In a statement, Outdoor Adventures spokesman Graham Aldcroft said there are now no firearms on site and any time a sled dog will be euthanized in the future it will be done in a vet's office. "While we were aware of the relocation and euthanization of dogs at "Howling Dog Tours" we were completely unaware of the details of the incident until reading the WCB document Sunday," he stated in the release. Outdoor Adventures had a financial stake in 'Howling Dogs' with the operational control of the company in the hands of the worker referred to in the WCB ruling, according to CKNW. Outdoor Adventures is owned by 29-year-old Joey Houssian, whom Pique Magazine identifies as the son of Intrawest scion Joe Houssian.
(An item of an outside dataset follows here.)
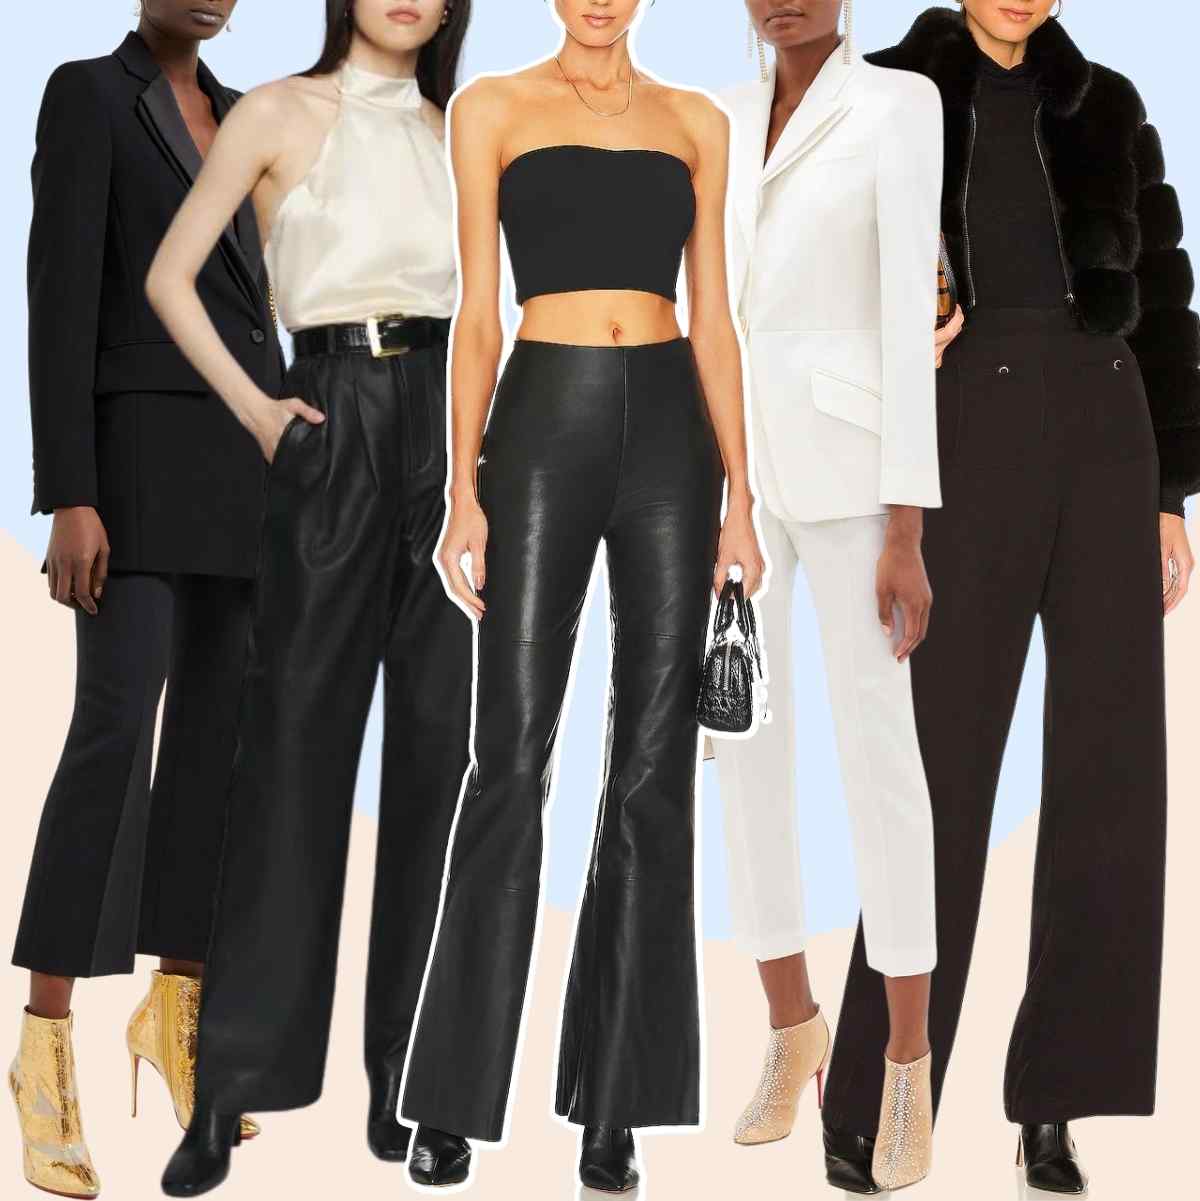 Collage of 5 women wearing different ankle boots with dress pants with fancy outfit.
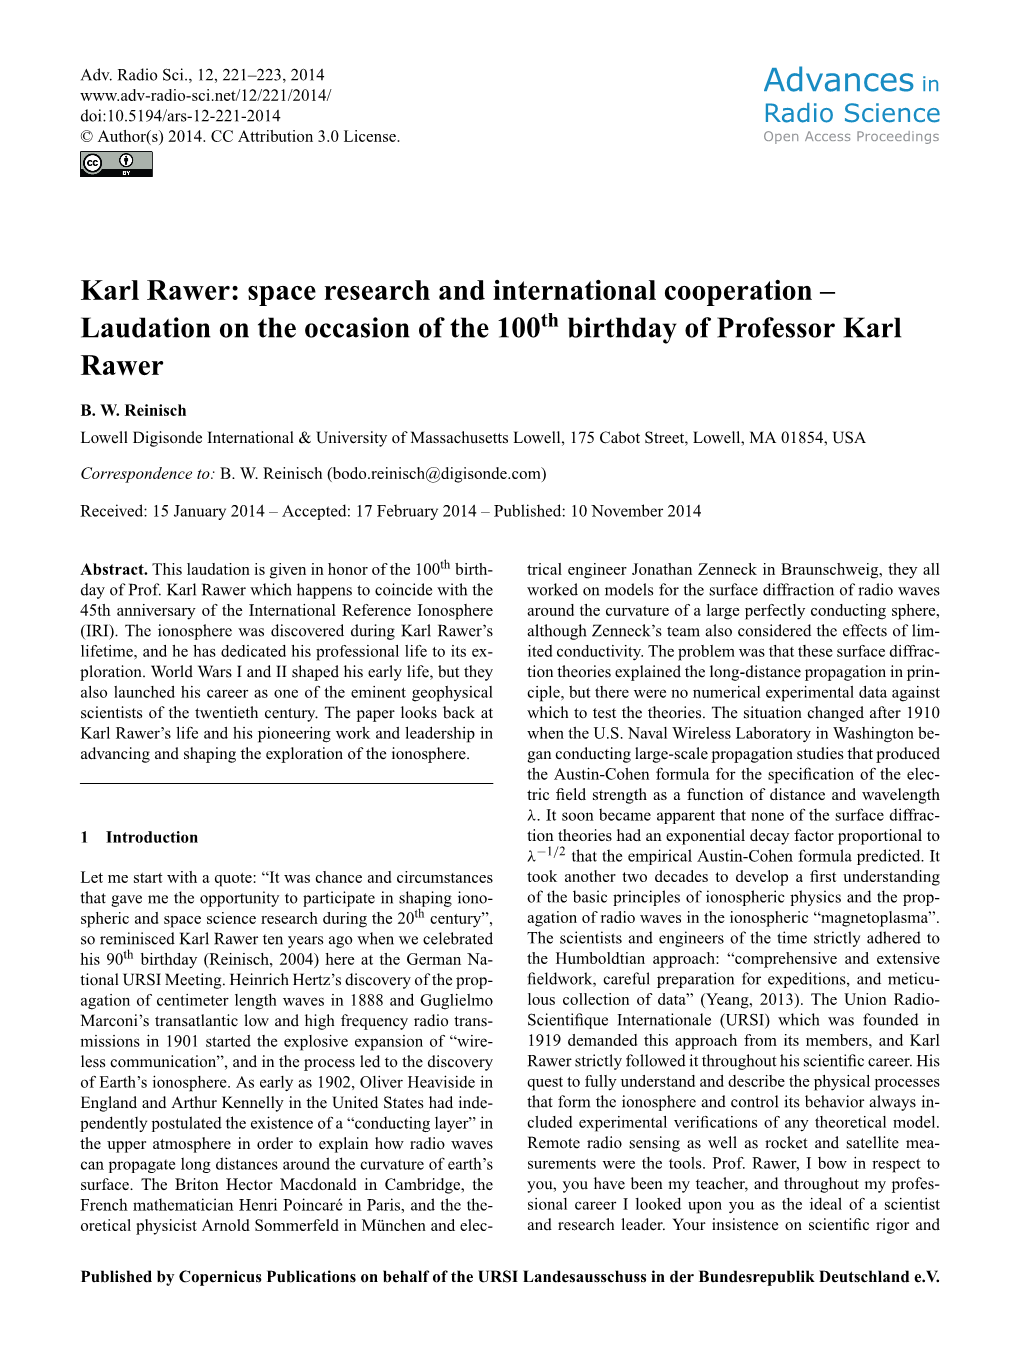 Karl Rawer: Space Research and International Cooperation – Laudation on the Occasion of the 100Th Birthday of Professor Karl Rawer

B.C. NDP leadership candidate Mike Farnworth said Monday that B.C. needs stronger protection for animals and tougher penalties against their abusers. Commenting on the Whistler dog cull and the Dawson Creek case where a dog's body was frozen in a tub of water, he said, "As an animal lover, I along with the vast majority of British Columbians find these stories despicable. Clearly, we need to send a stronger message to those who think animal abuse is acceptable. "We need to treat animal abuse as the horrific crime that it is. Anyone caught doing it should be significantly punished."